Arbeiterin im Logistikzentrum Wohlen verpackt Waren für Digitec Galaxus Onlinehandel, 08.11.2021.

Der Bundesrat will dem Problem ebenfalls nachgehen. Ein Bericht zur Wirksamkeit der neuen Vorschrift soll bereits 2027 vorliegen und nicht erst 2029. 

Der Schweizerische Gewerkschaftsbund kritisiert die lange Frist. Die Bilanz des heute veröffentlichten Zwischenbewertungsberichts sei klar genug, um die sofortige Einführung verbindlicherer Massnahmen für die Unternehmen zu rechtfertigen.

Tamara Funiciello, Co-Präsidentin der SP-Frauen, sieht ebenfalls Handlungsbedarf. «Lohngleichheit ist eine gesetzliche Pflicht. Die Schweiz ist ein Rechtsstaat, wir halten uns an Gesetze. Es ist skandalös, dass grosse Teile der Wirtschaft das Gefühl haben, sie könnten dies einfach ignorieren.» Unternehmen, die sich nicht an die gesetzliche Pflicht halten, müssten sanktioniert werden, so ihre Forderung. 

Kleinere Unterschiede als angenommen

Der Gewerbeverband lehnt jegliche Verschärfungen in der Lohngleichheitsanalyse ab. «Statt Unternehmen unter Generalverdacht zu stellen, muss vielmehr gefragt werden, ob die erst seit 2020 in Kraft stehende Regelung wirklich tauglich ist, die Lohngleichheit in den Unternehmen zu fördern.»

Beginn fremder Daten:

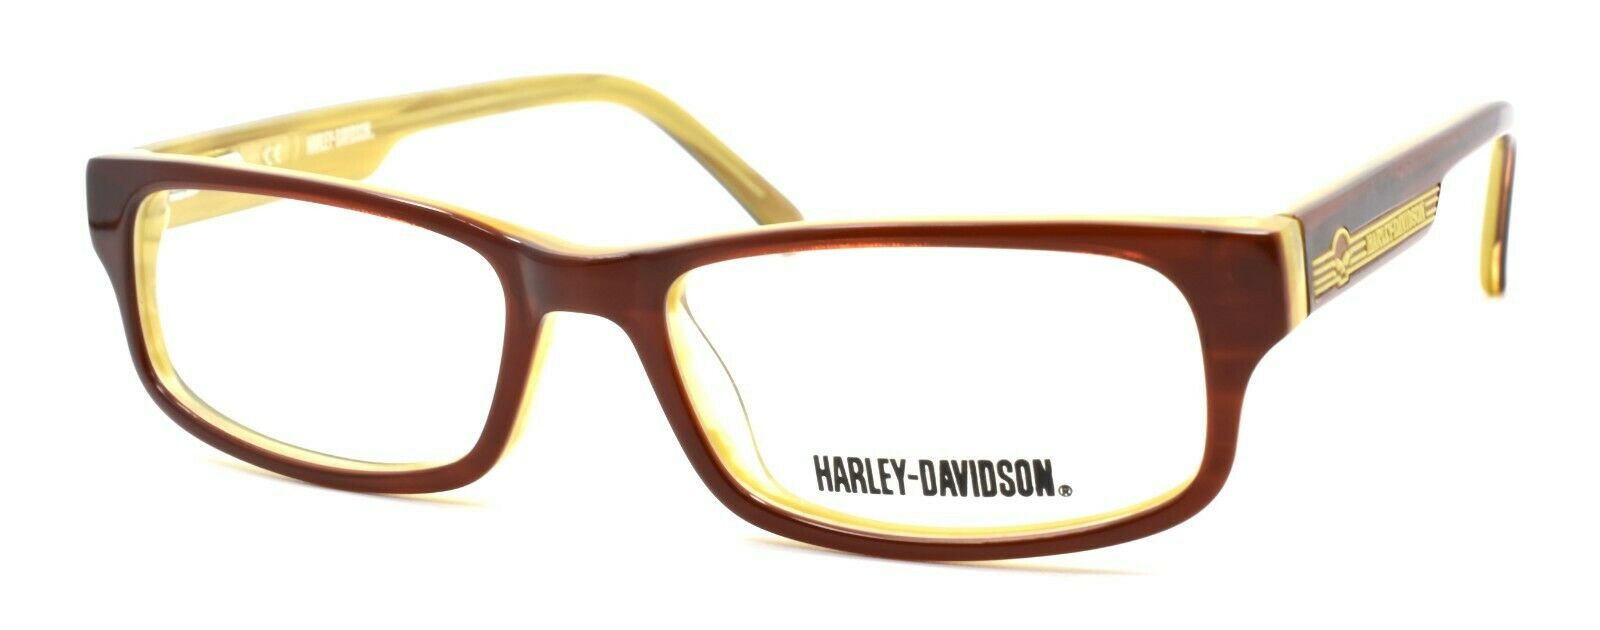 1-Harley Davidson HDT106 BRN Eyeglasses Frames SMALL 49-16-135 Brown-715583255845-IKSpecs

Die Berner Analyse zeigt einen weiteren interessanten Punkt. Gemäss den Antworten der Arbeitgebenden, die an der Umfrage teilgenommen haben, liegt die durchschnittliche Lohndifferenz zwischen Mann und Frau bei 11,2 Prozent. Die durchschnittliche unerklärte Lohndifferenz, also der Lohnunterschied von Männern und Frauen mit vergleichbarer Ausgangslage, lag bei 3,3 Prozent.  

Das ist deutlich weniger als in den offiziellen Zahlen. Laut dem Bundesamt für Statistik verdienten 2022 Frauen in der Schweiz im Schnitt 16 Prozent weniger als Männer, rund die Hälfte davon ist unerklärbar.